DATA:
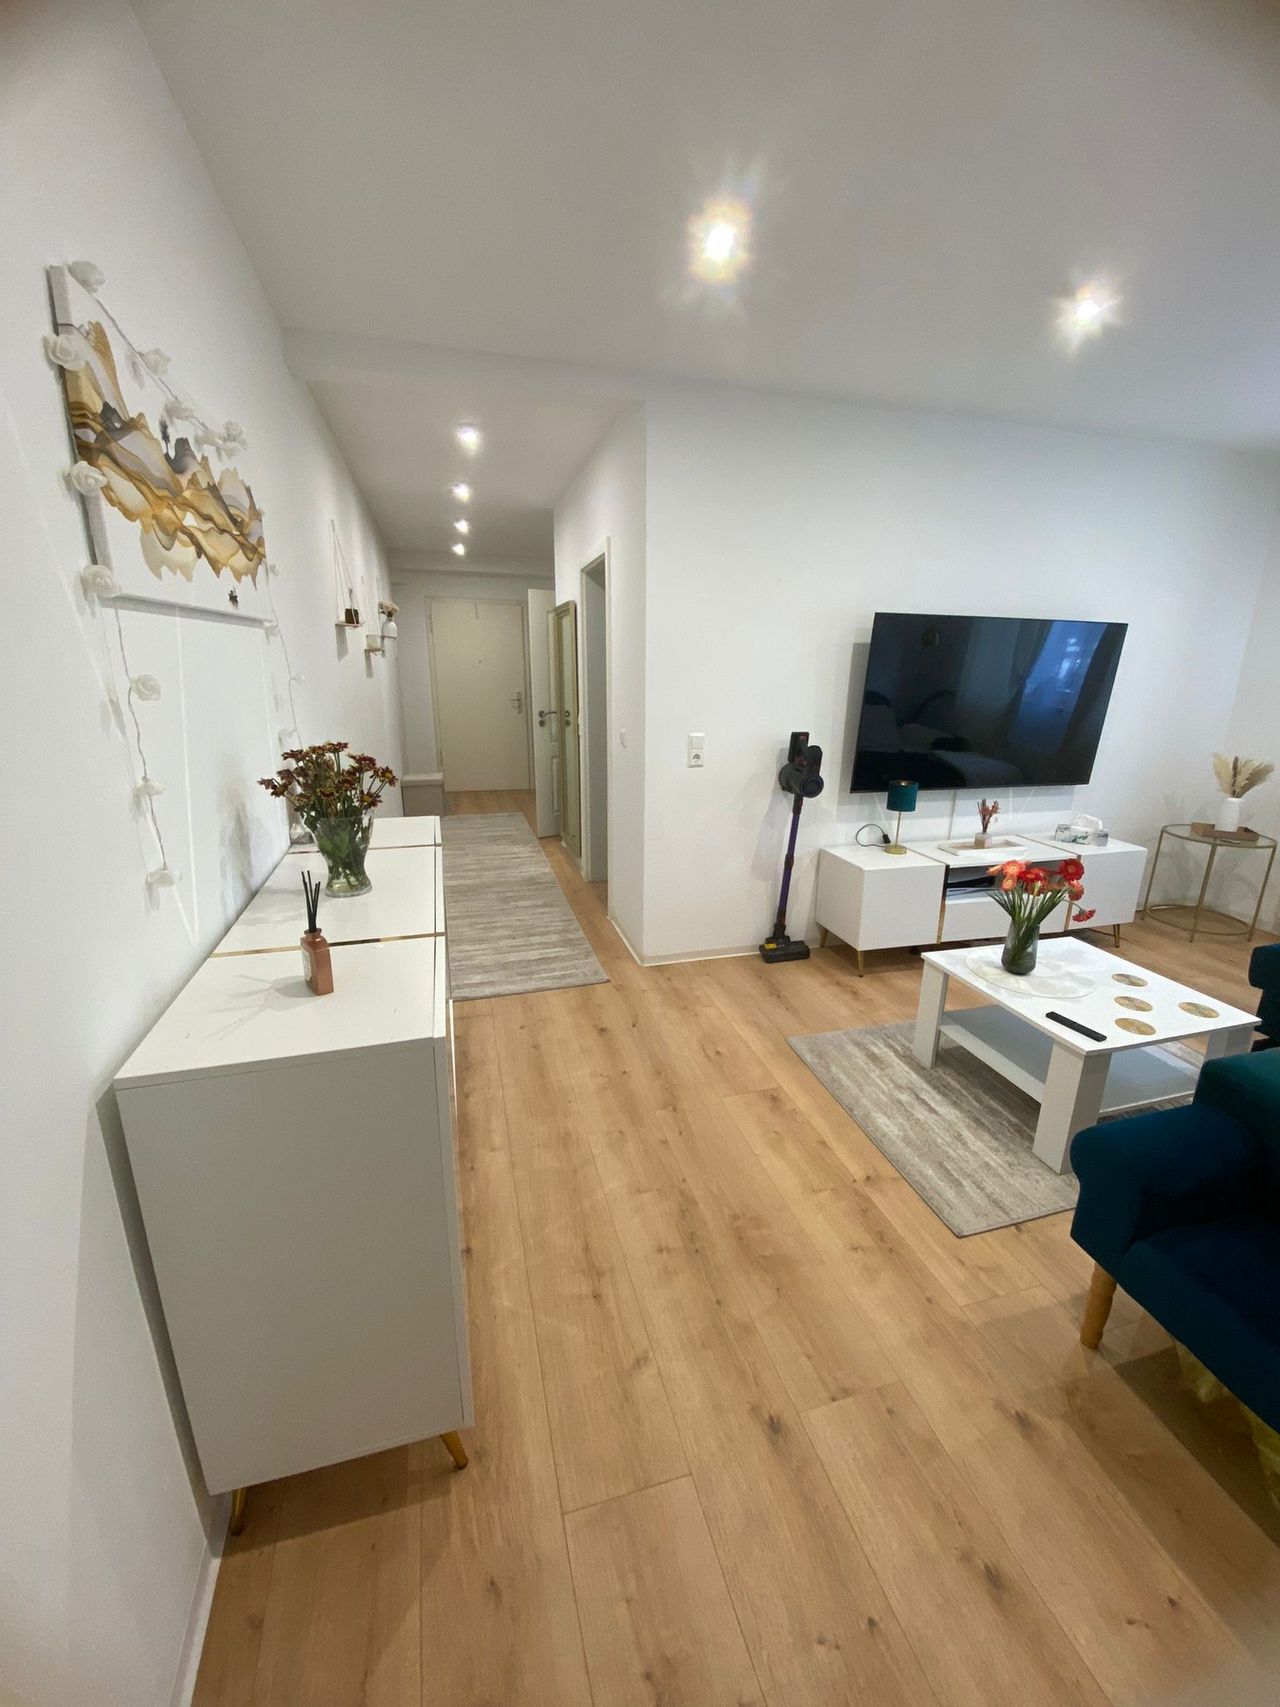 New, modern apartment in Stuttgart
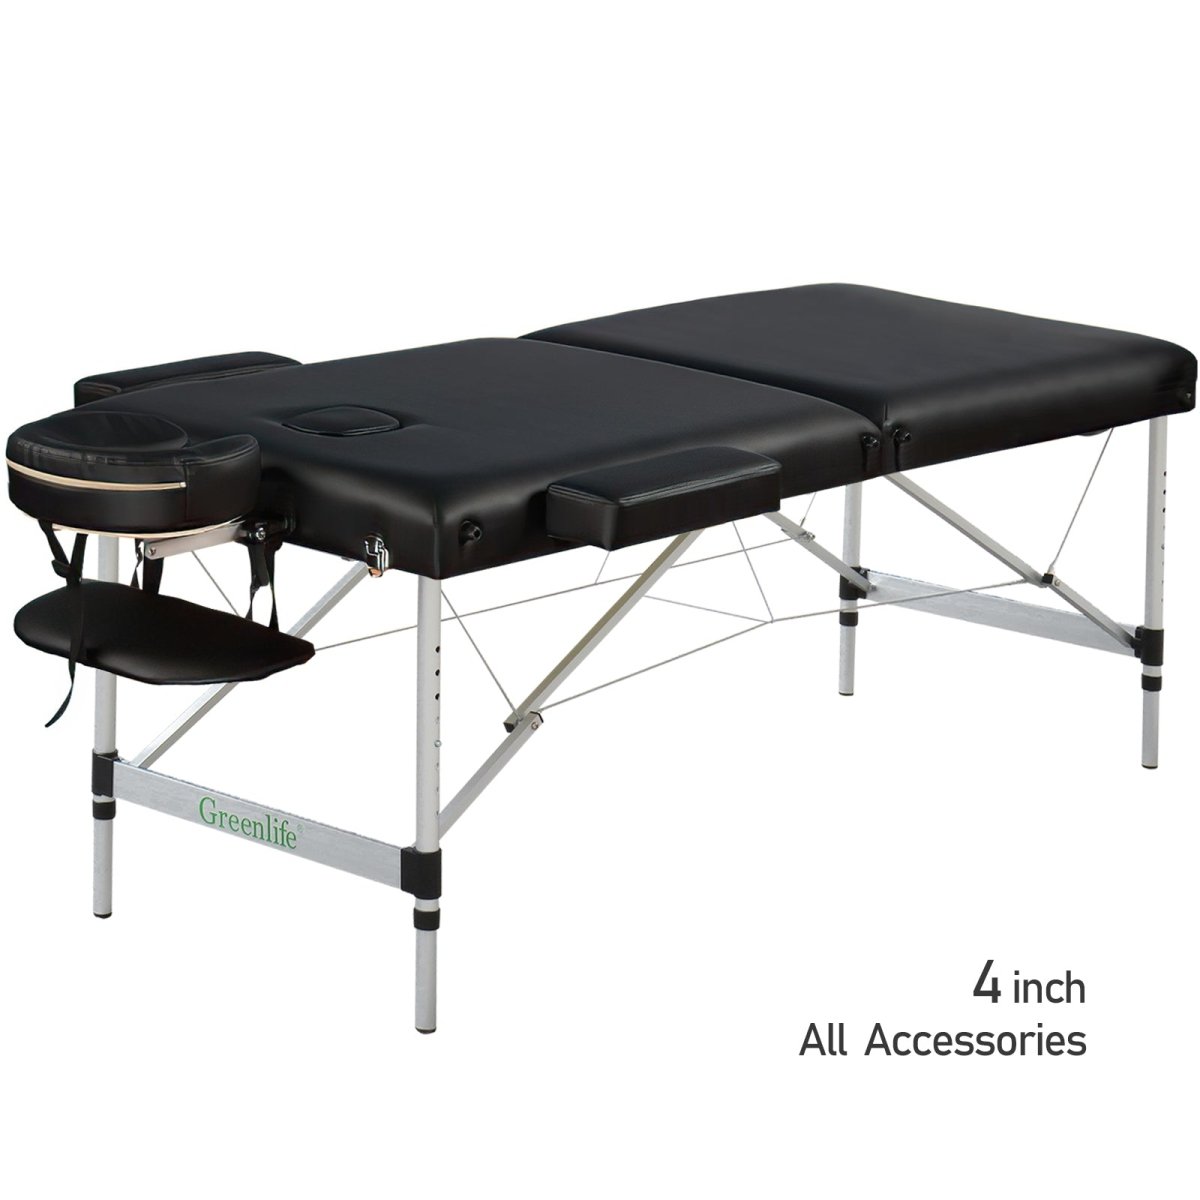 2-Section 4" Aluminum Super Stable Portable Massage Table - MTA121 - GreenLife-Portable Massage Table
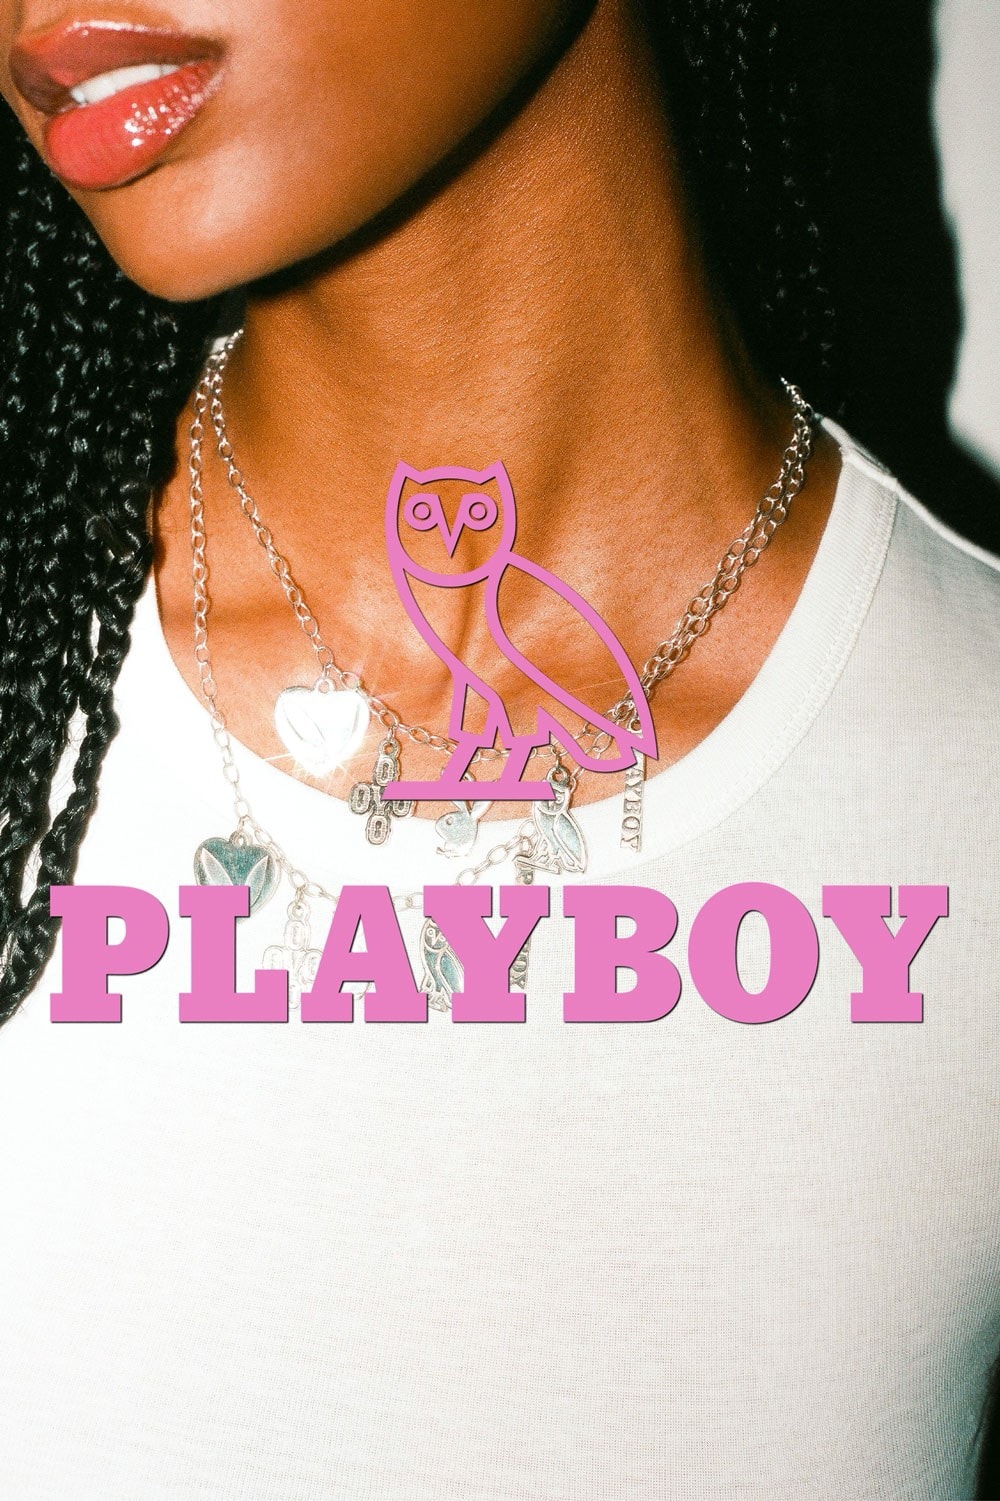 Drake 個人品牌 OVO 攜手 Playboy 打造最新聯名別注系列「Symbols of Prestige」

AIM OF THE TASK: An exact copy of all the data above is required; omit any pictures.

RESULT:
 New, modern apartment in Stuttgart
 2-Section 4" Aluminum Super Stable Portable Massage Table - MTA121 - GreenLife-Portable Massage Table
 Drake 個人品牌 OVO 攜手 Playboy 打造最新聯名別注系列「Symbols of Prestige」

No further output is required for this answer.